10 of 499 comments (clear)

  1. Painfully Subjective Review by eldavojohn · · Score: 5, Insightful

    I'll just out and say it -- Ken Mingis is just looking for bells & whistles. He's not in search of the 'best' operating system, just looking for the one that can waste CPU cycles while making the user ooh and ahh.

    Here's something you could have figured out for me: how efficient are these effects? What's the net cost of having Aqua or Aero? Do these graphical interfaces leave sasquatch sized memory footprints? Are Gadgets & Widgets memory efficient? Does all this extra shit cause any more bugs than a regular operating system without them?

    Big deal. Call me when you write an object review. I want to know which of these operating systems will run on my old ass laptop with a low end P4 in it. Not all of us have the new intel core 2 duos.

    Congratulations, four pages of inundating me with ads, bitching about UAC & falling head over heels for Aero.
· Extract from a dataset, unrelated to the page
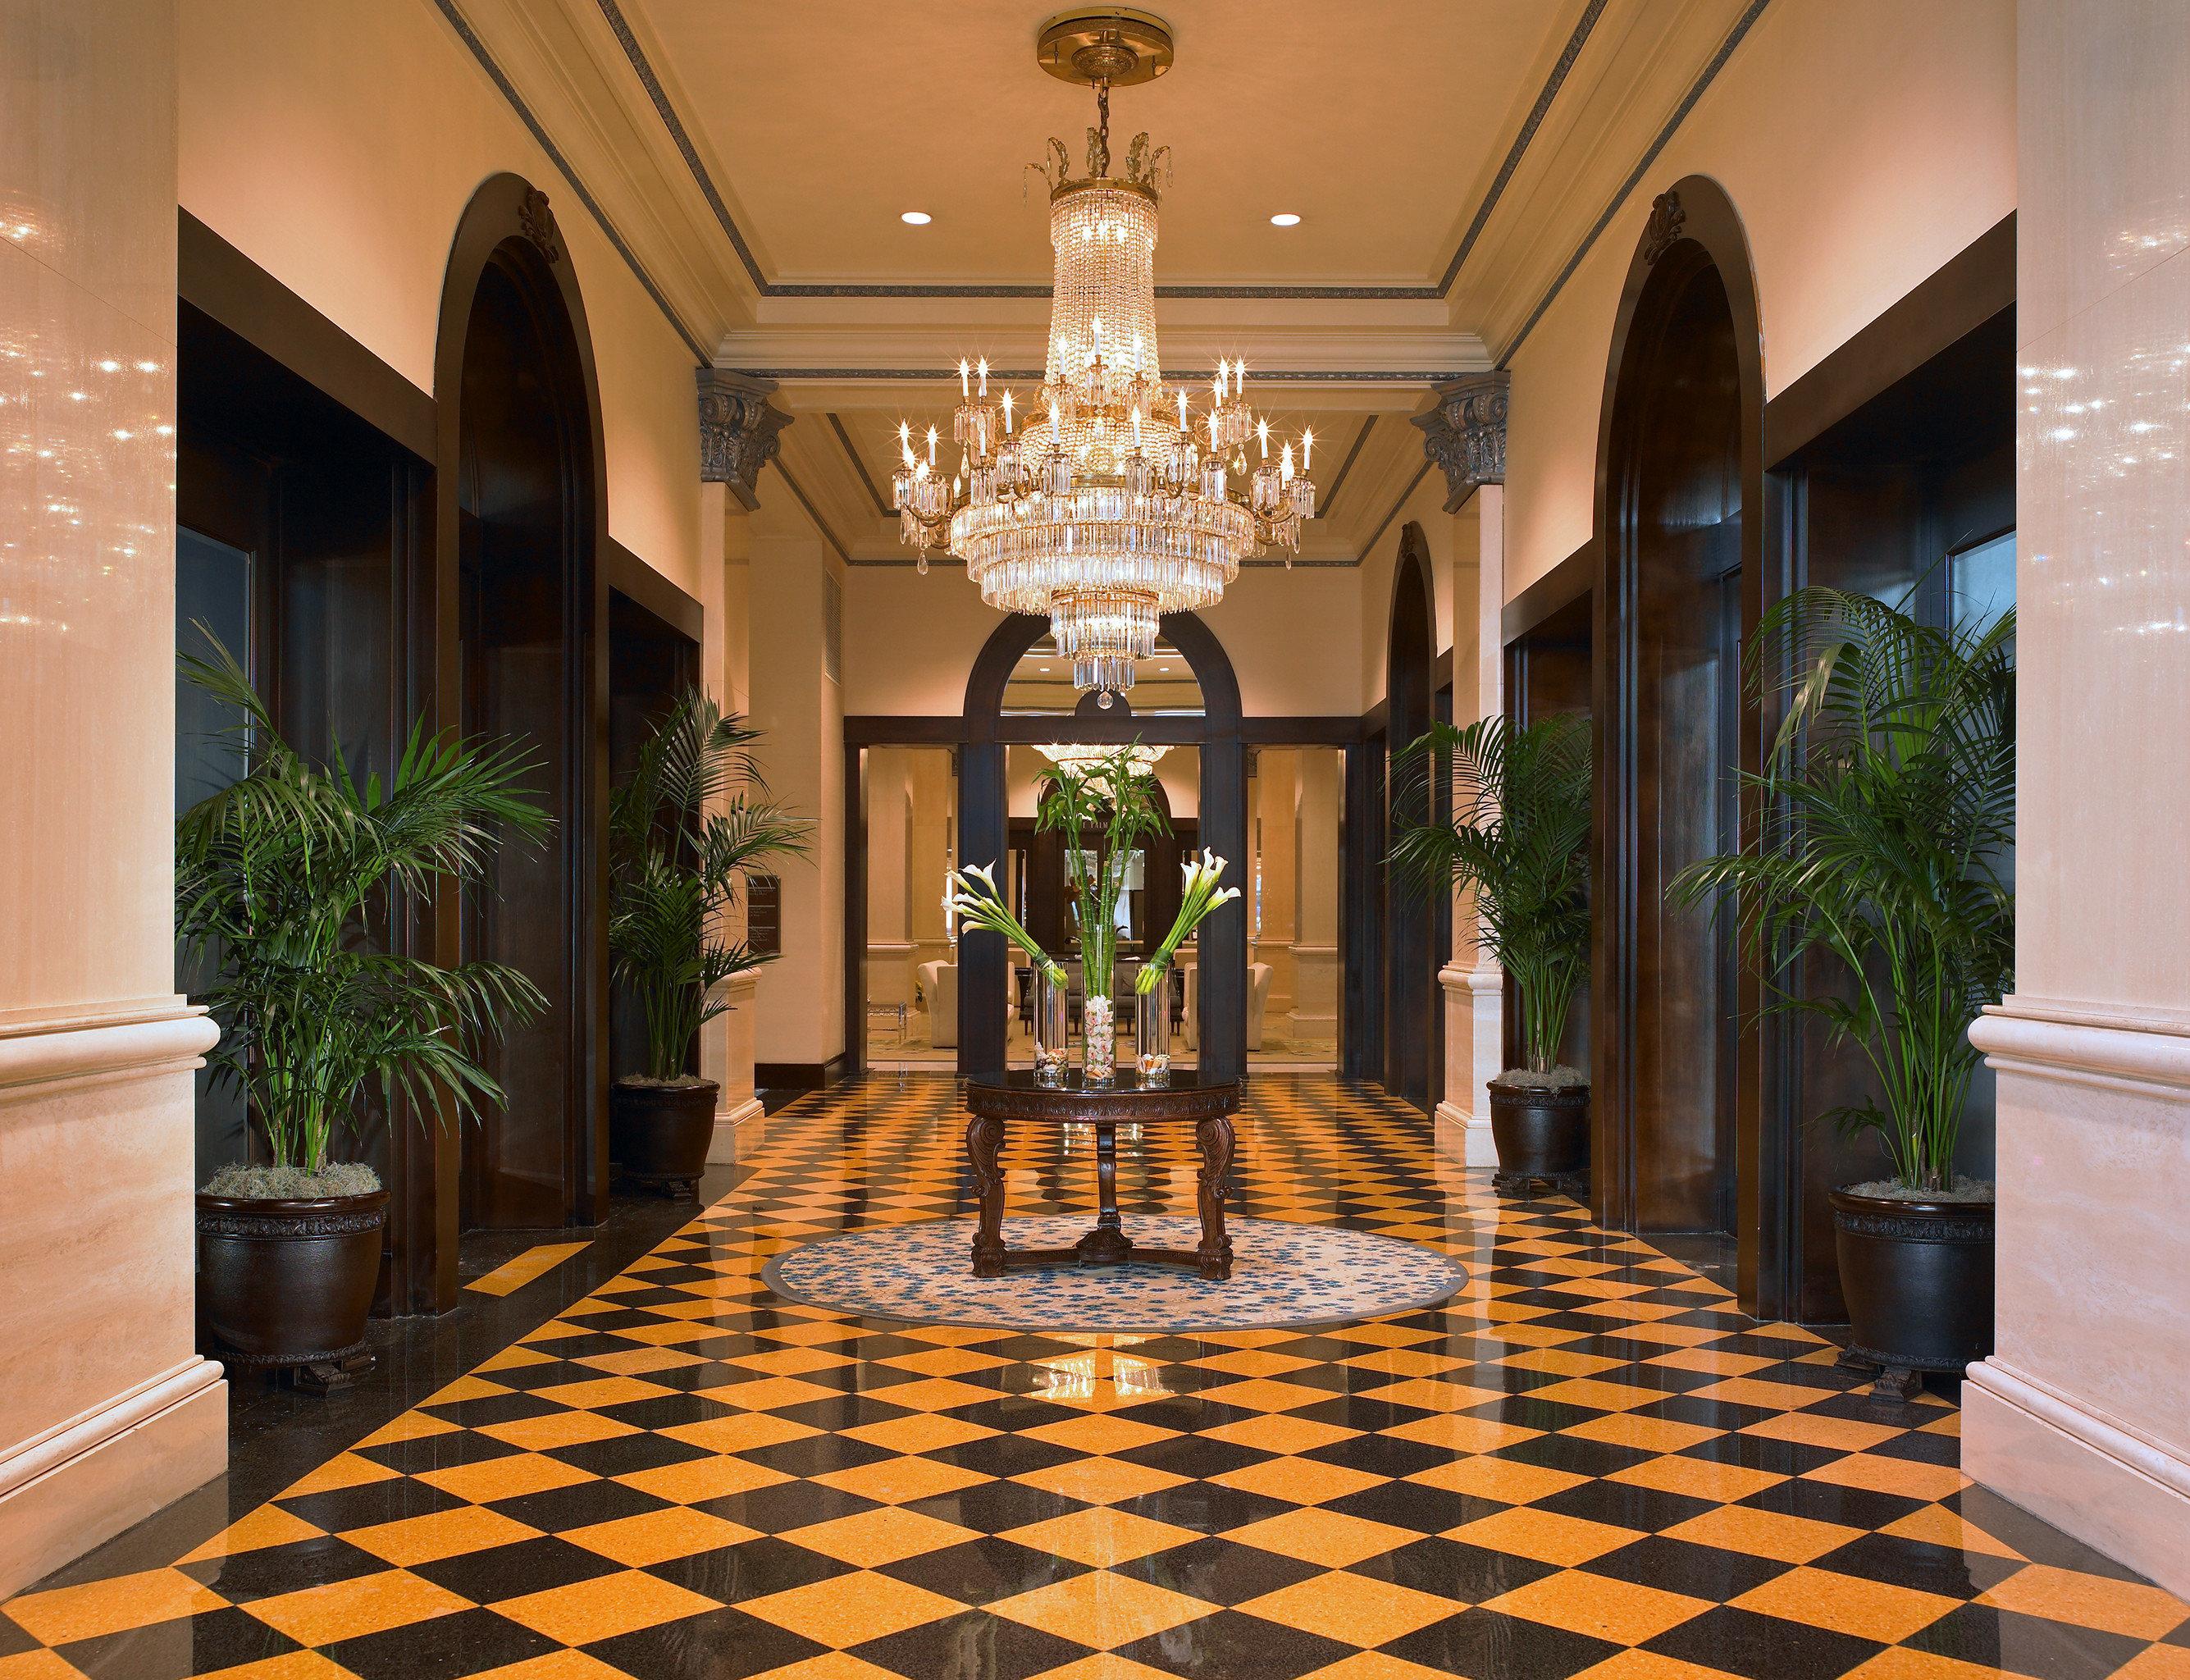 Elegant Hotels Lobby Lounge floor property estate room building mansion interior design palace home flooring hall living room condominium ballroom Resort decorated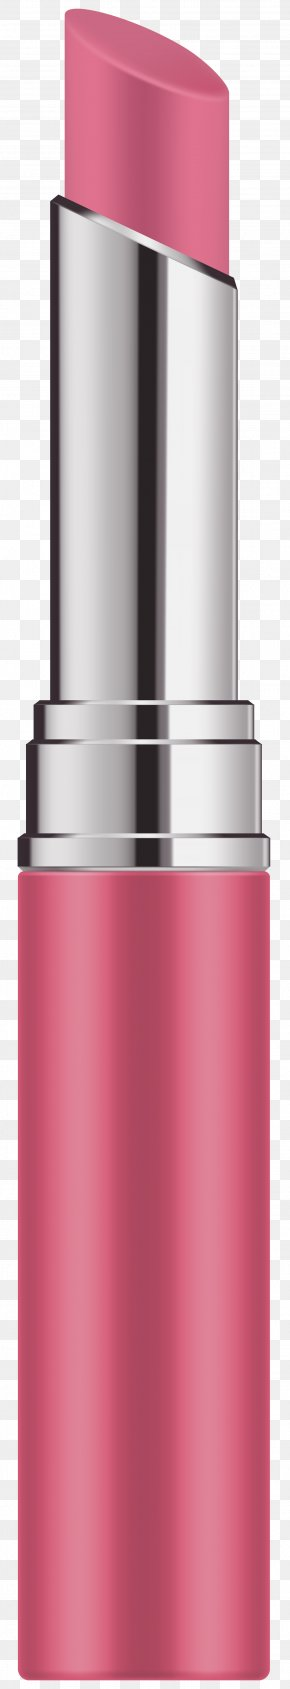 Pink Lipstick Clip Art Image - Lipstick Product Design PNG

Sounds like every other Vista review I've read.

    --
    My work here is dung.
    1. Re:Painfully Subjective Review by finkployd · · Score: 4, Insightful

      Big deal. Call me when you write an object review. I want to know which of these operating systems will run on my old ass laptop with a low end P4 in it. Not all of us have the new intel core 2 duos.

      Neither, you will run XP or Linux/Solaris/*BSD, those are your options. Or buy a new computer, which is really what they want.

      To put it another way, Apple and Microsoft could very easily produce a modern *-lite version of their respective OSes and sell them to people with older or not maxed out hardware and probably keep a high percentage of the population happy with just that. However that will not help Apple (or MS's hardware partners) sell new machines that most people don't really need, so it will not happen.

      Excluding gamers, developers, and people who work a lot with media (photoshop, video editing, etc), a 500Mhz box running windows 98 with office, outlook, and IE serves the vast majority just fine, but where is the profit in that?(*)

      And even though Gnome and KDE are not doing much better, fortunetely there exists fluxbox and xfce for those who think an 1GHz P3 should still be usable as a desktop machine.

      (*) note: windows 98 is criminally insecure, and not being patched anymore, I don't recommend you do this.

      Finkployd

    2. Re:Painfully Subjective Review by finkployd · · Score: 4, Insightful

      What you miss, is those new UI features. Are they really that important?

      A better question is: "without those new UI features, is Vista really that important?"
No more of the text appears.